1. What is often referred to as a healthy diet is in fact a one size fits all diet with the relatively sedentary, well-fed, adult Westerner who intends to live for years and years and years in mind. It obviously doesn’t work for lots of special groups, the athletes being one of them. So it doesn’t really make sense to say, as I’ve heard a lot of people say, that athletes are not eating a healthy diet.
2. I’ve heard people ask whether athletes enjoy their food. And this also brings home that pleasure in food is not one thing. Athletes are really hungry. I suspect that their pleasure has as much to do with satisfying that hunger as it does with the kind of fine discernment and even picky eating that is associated with gastronomy. I don’t think they’d find a nine-course tasting menu prepared by Ferran Adría particularly pleasurable.
It’s not the same situation but I remember asking an elderly Mexican why the food stands at a particular truck stop were so popular. I expected him to say something like, the women prepare a great menudo, or the tacos are delicious. What he actually replied was “Se llena mucho.” You get really full. I realized that most of his life the greatest pleasure he derived from food (and it didn’t happen that often) was having a full belly.
3. Athletes have to eat A LOT. This is time-consuming and it could be difficult to digest if it were full of whole grains, fruits and vegetables. Very roughly to get about 3000 cals a day (perhaps a third of what these athletes are consuming), if you eat bread alone you need 4-1/2 lbs, if you eat fruits and vegetables alone you need nearly 30 lbs.
- Wheat to Iran and Chicken Sets: Interesting Articles from the WSJ
- A Wonderful Rainy Season–but no Internet
At the semi-pro, pro or elite level, athletes also eat to fit the physique demands of their sport, not just the physical demands. A sprinter versus a shot put thrower, a sprinter versus marathon runner, a swimmer versus a gymnast, judo master versus sumo wrestler, weight lifter versus body builder, and so on.
THX, Ji-young, for this observation about body types. Here is a link to a NYT article related to this topic.
http://www.nytimes.com/2008/08/20/sports/olympics/20bodies.html?_r=1&scp=1&sq=atypical%20athlete&st=cse&oref=slogin
Rachel’s third point fascinated me. As a recreational skier and swimmer (I’ve taught both sports at beginner and intermediate levels) I’ve watched both the record and the average times come down since the 1960s. Common wisdom notes that there is a correlation between this drop and the increase in both duration and intensity of training is the sports. It never occurred to me that the longer/harder training was possible because of new ways of preparing and delivering the necessary nutrients to the individual athlete’s systems.

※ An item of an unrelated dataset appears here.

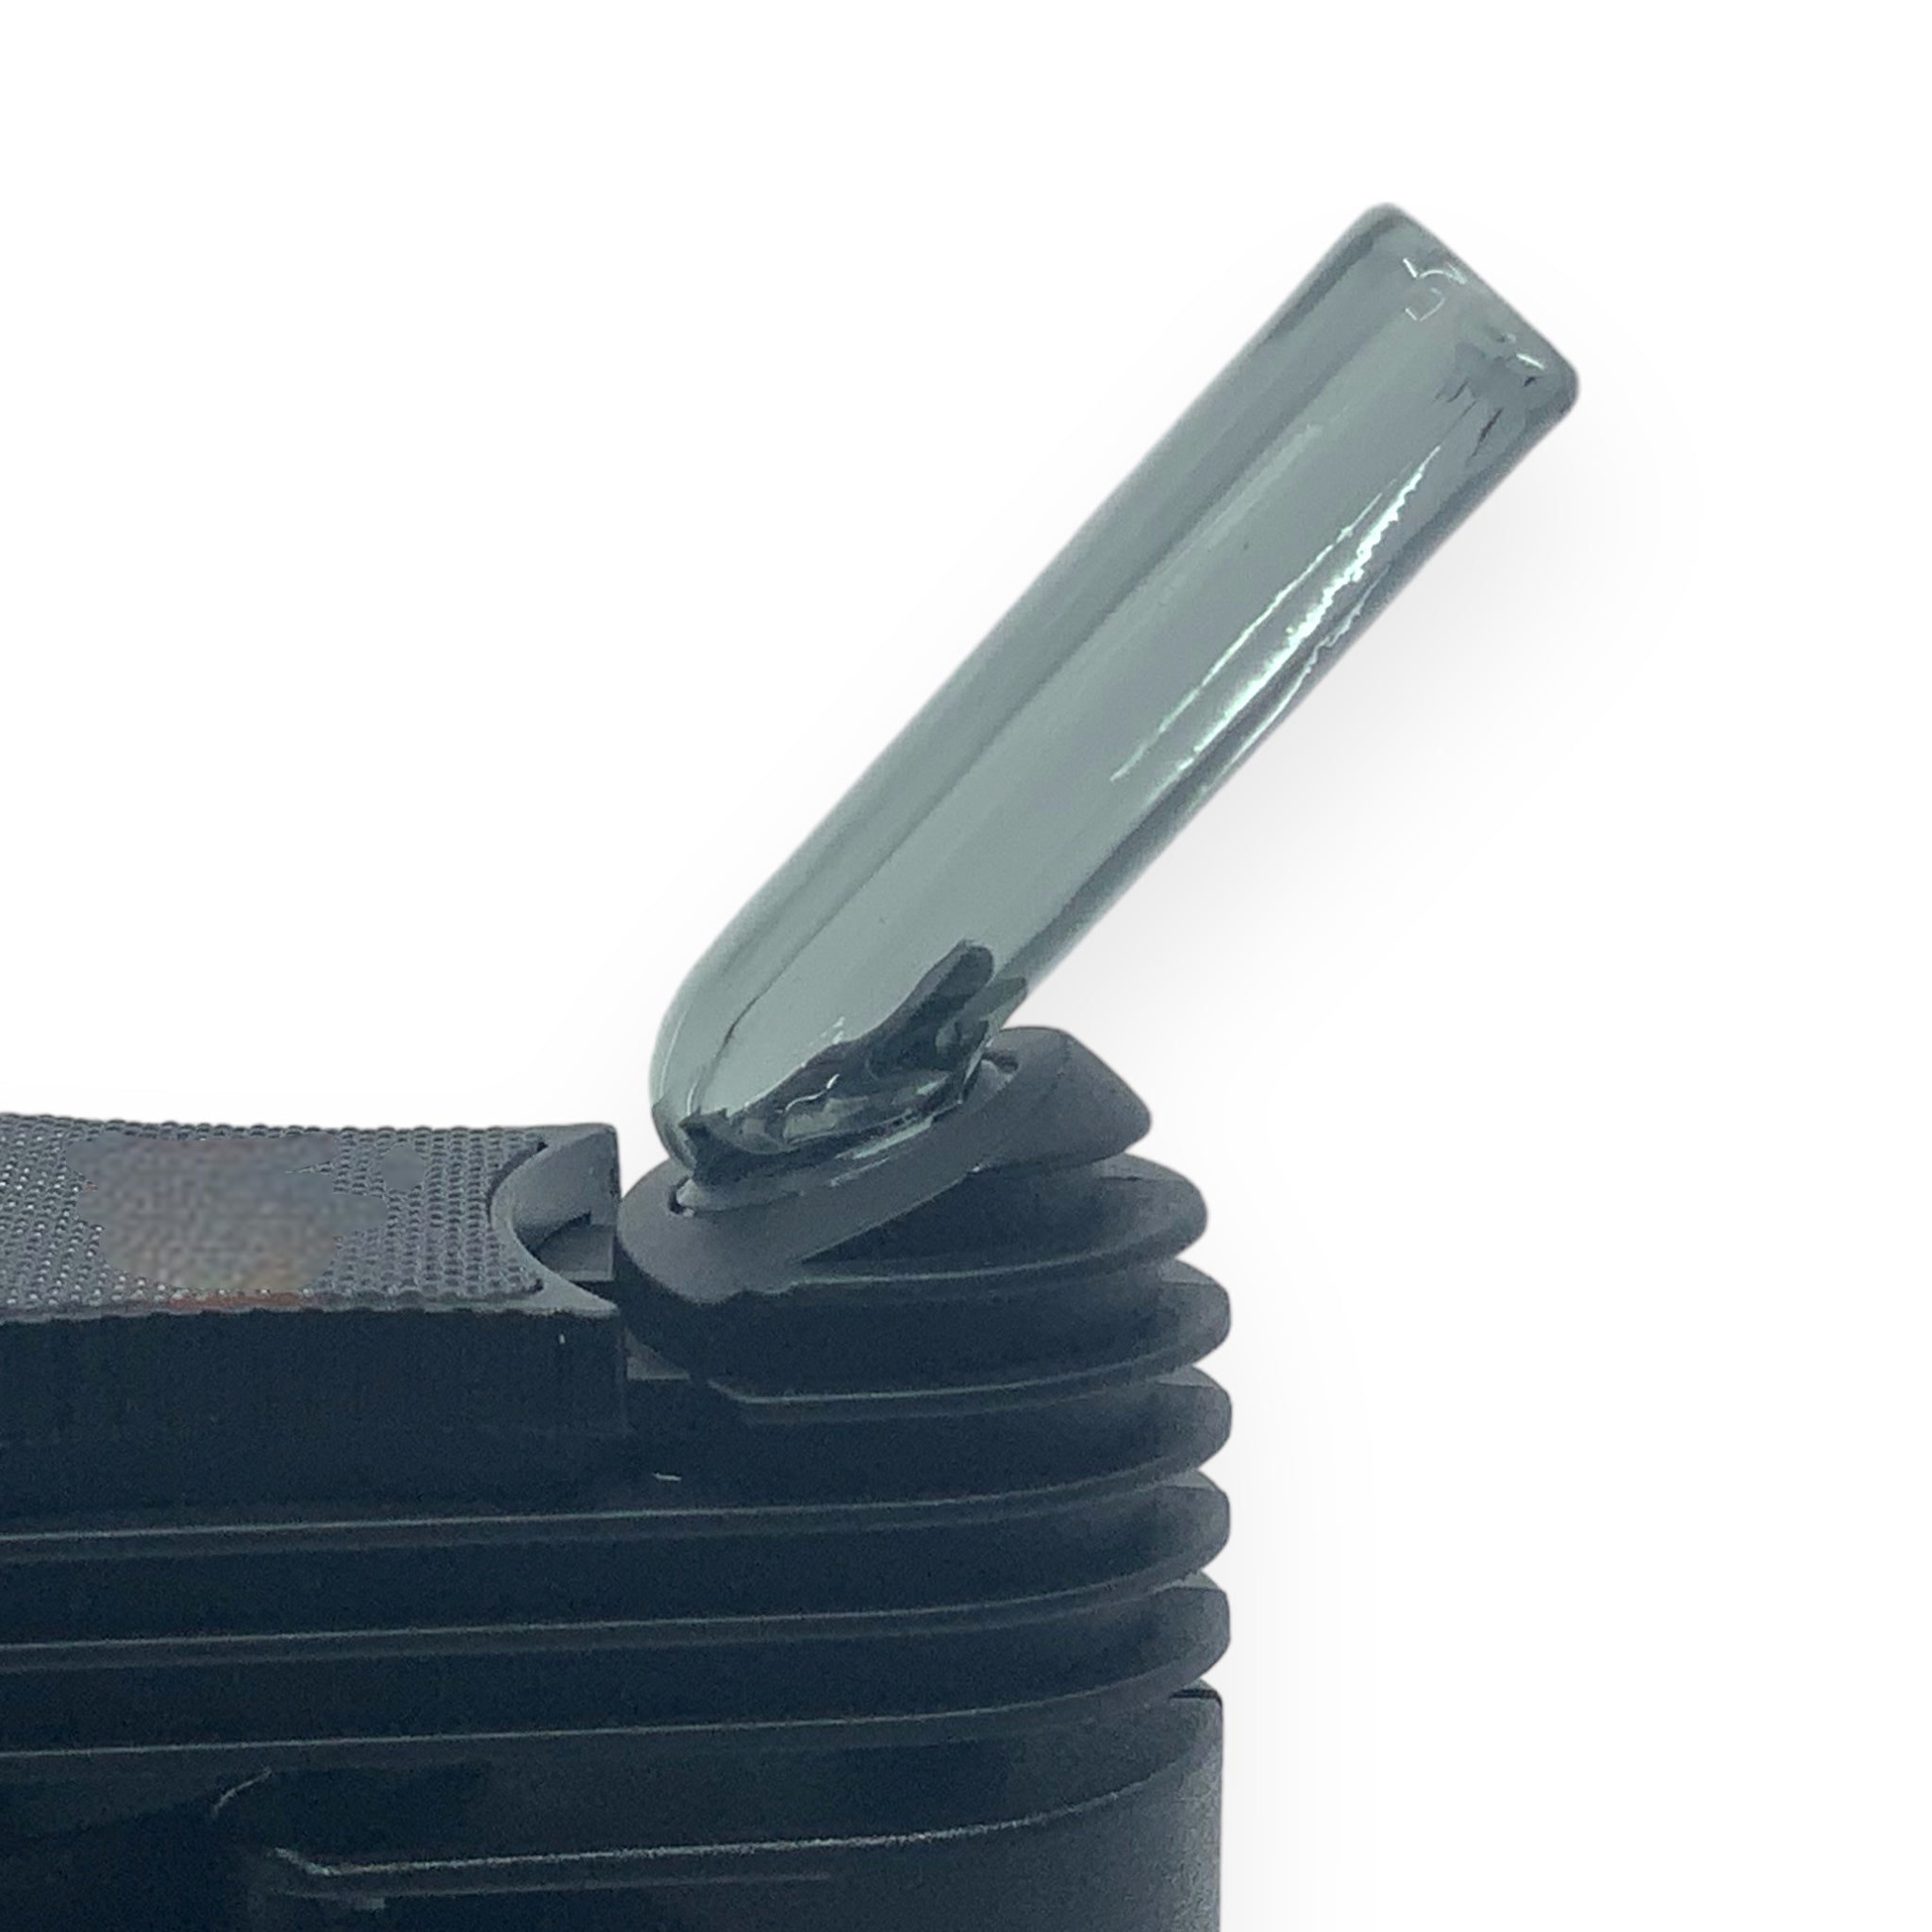 Vapotools Glasmundstück schwarz passend für Mighty und Crafty ausgesetzt seitlich

Ji-Young and Kay, This whole business of feeding athletes is new to me and unexpectedly fascinating. You would think there would be some spillover from this literature to the whole popular literature on diet and health. Maybe there is some in magazines like Men’s Health. But in newspapers (that NY Times article being an exception) and women’s magazines there seems to be none. I wonder why.
The nutrition idea is just speculation on my part Kay but I’m sure someone who knows more about this has written a serious article on the subject.